Recently, Department of Agriculture Chair Scott Enright announced that the intended aerial drop of diphacinone pesticide on Lehua by the Department of Natural Resources and US Fish and Wildlife Service would not go forth as scheduled.
The decision was preceded by a strong letter urging caution and more deliberation, sent by west Kauai State Rep. Dee Morikawa to Mr. Enright and DLNR Chair Suzanne Case, and copied to Governor David Ige.
Morikawa rekindles the possibility that Hawaii can come up with more innovative, less toxic approaches to the protection and survival of species than an aerial drop of approximately 11.5 tons of the anticoagulant pesticide, diphacinone, through a large, swinging bucket in winds up to 35 mph across the entire island.

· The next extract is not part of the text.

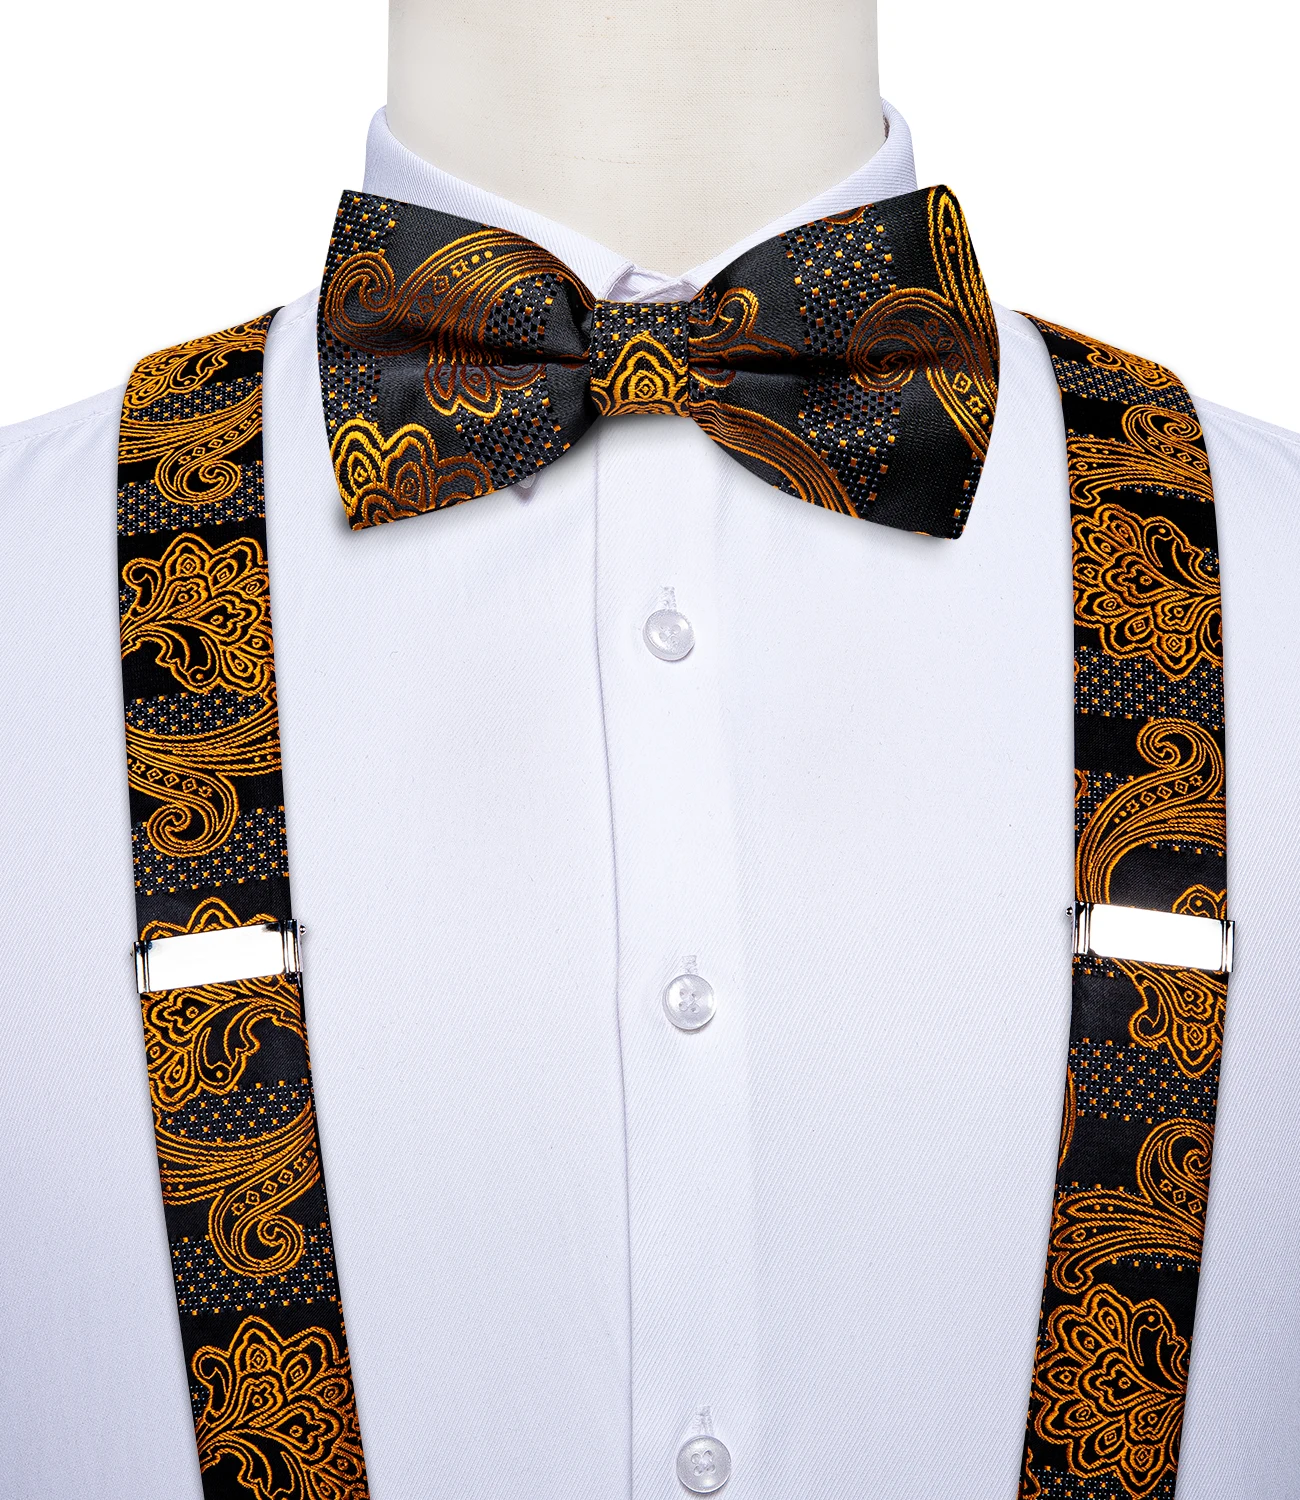 DiBanGu Men's Bow Tie Ascot Cravat Suspenders Braces Cummerbund Hanky Cufflinks

Under the plan, diphacinone would also be aerially dropped below the high tide mark and into the waters along Lehua’s entire coast. Up until 2007, it was illegal to apply diphacinone “directly to water” and “to intertidal areas below the mean high water mark” due to its high toxicity to aquatic life.
Lehua’s ecosystem is a Hawaii treasure, linked through land and marine food webs where the poisoning or exposure of one species has the potential of moving through the food chain (with the possible result of “secondary poisoning”) with unknown longterm consequences. These interdependencies are largely under-researched.
Lehua is not only a seabird sanctuary. It is also a legally designated State Wildlife Sanctuary and Conservation District harboring federally protected and endangered monk seals, green sea turtles, and three species of birds, all protected under the Endangered Species Act. Lehua’s marine waters also harbor at least one rare species of coral, dolphins, manta rays, and migrations of humpback whales. Coral systems are plentiful there.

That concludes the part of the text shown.